One interim recommendation was to use the 1983 Mental Health Act for passively compliant patients in order to give full access to their rights. In 1998, the Mental Health Act Commission undertook a survey (Department of Health, 2005) which implied that at any one point, there were some 22 000 compliant incapacitated hospital in-patients, who would instead have to be detained under the Mental Health Act. This would significantly increase the work pressure for responsible medical officers and mental health review tribunals.
Involving other professionals such as mental health nurses may ease the identification of such patients and potentially ease the administrative burden. This raises the question of how appropriate it will be to rely on nursing staff for capacity assessment, which is traditionally seen as a medical role. Historically consultants or responsible medical officers have taken responsibility for most clinical decisions, but practice is changing.

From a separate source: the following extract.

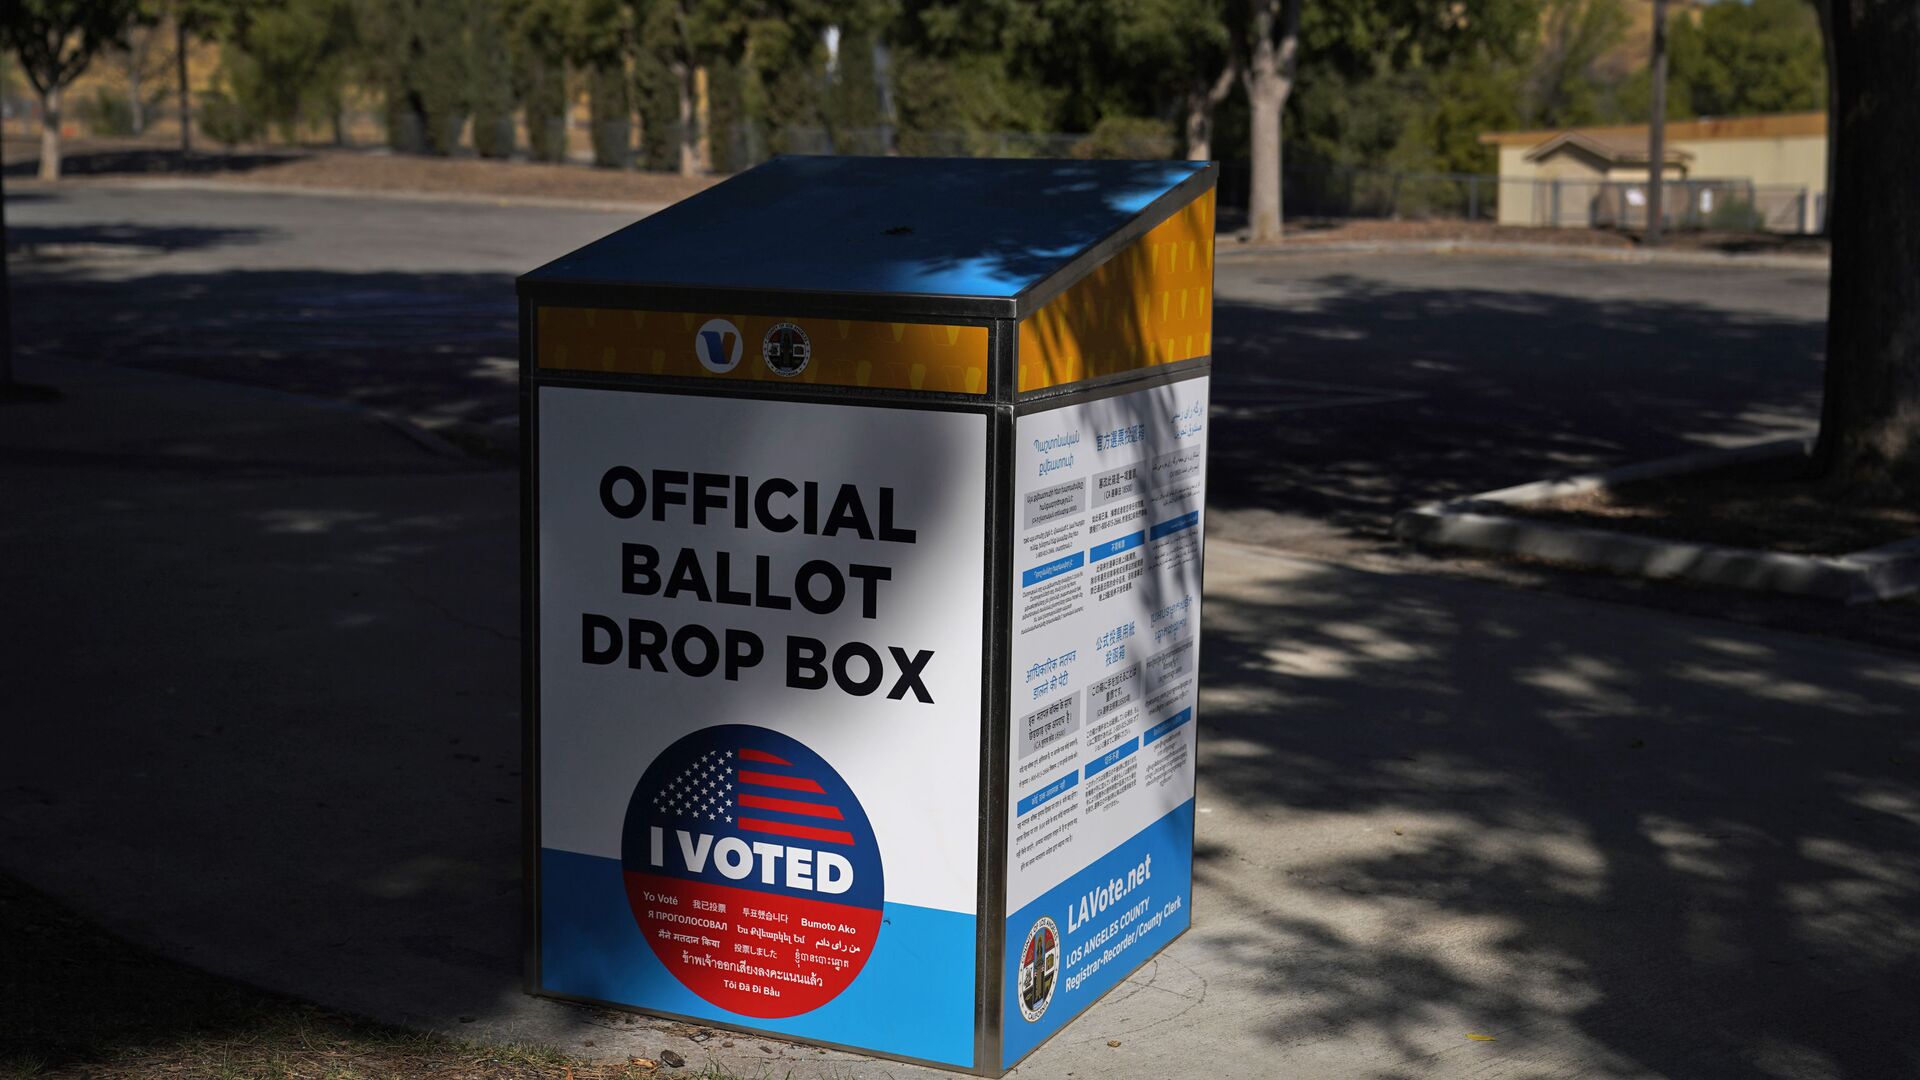 An official ballot drop box is seen Wednesday, Oct. 14, 2020, in Santa Clarita, Calif. - Sputnik International, 1920, 04.03.2021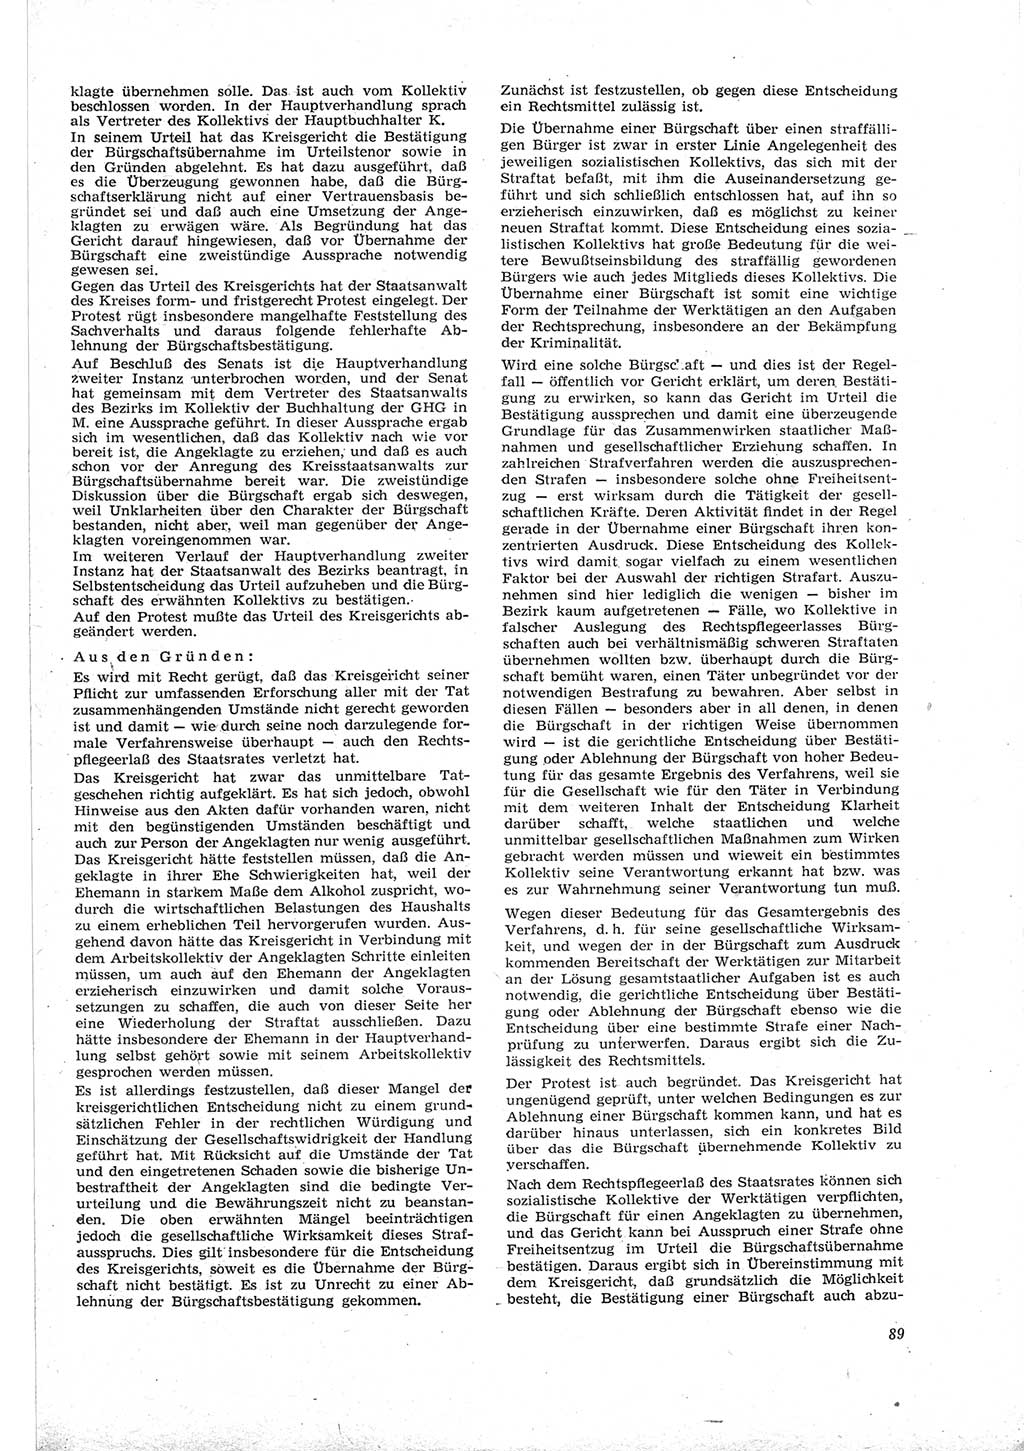 Neue Justiz (NJ), Zeitschrift für Recht und Rechtswissenschaft [Deutsche Demokratische Republik (DDR)], 18. Jahrgang 1964, Seite 89 (NJ DDR 1964, S. 89)

New Ways of Working for Psychiatrists (Department of Health, 2005b) highlights the changing context of service delivery and drivers for change. Psychiatrists and other members of the multidisciplinary team are exploring new ways to meet the needs of service users and their families. This work may show that staff may benefit from having greater clarity and focus in their roles. Capacity assessment by other mental health professionals may be seen as one of the new ways of working. In addition, the proposed new mental health act will replace the concept of responsible medical officer with that of a responsible clinician who may not be a doctor. So the decision on presence (or absence) of capacity may not be the sole responsibility of a doctor.
In conclusion, the prevalence of Bournewood gap patients was significant in our survey. These findings clearly emphasise the need for capacity assessment and its proper documentation. Our study also showed that nurses assessment of mental capacity correlates well with that of doctors. This preliminary observation suggests the possibility of shared responsibility with appropriately trained mental health nursing staff.
As Eastman & Peay (1998) have discussed, capacity is set to become a major clinico-legal issue. Issues relating to capacity are contentious and can be subject to a high degree of medico-legal scrutiny. A clear, precise and legible record is therefore very important. The implications of this study may change the practice of capacity assessment and may be helpful in implementation of the new Capacity Act and Mental Health Bill 2006 in England and Wales.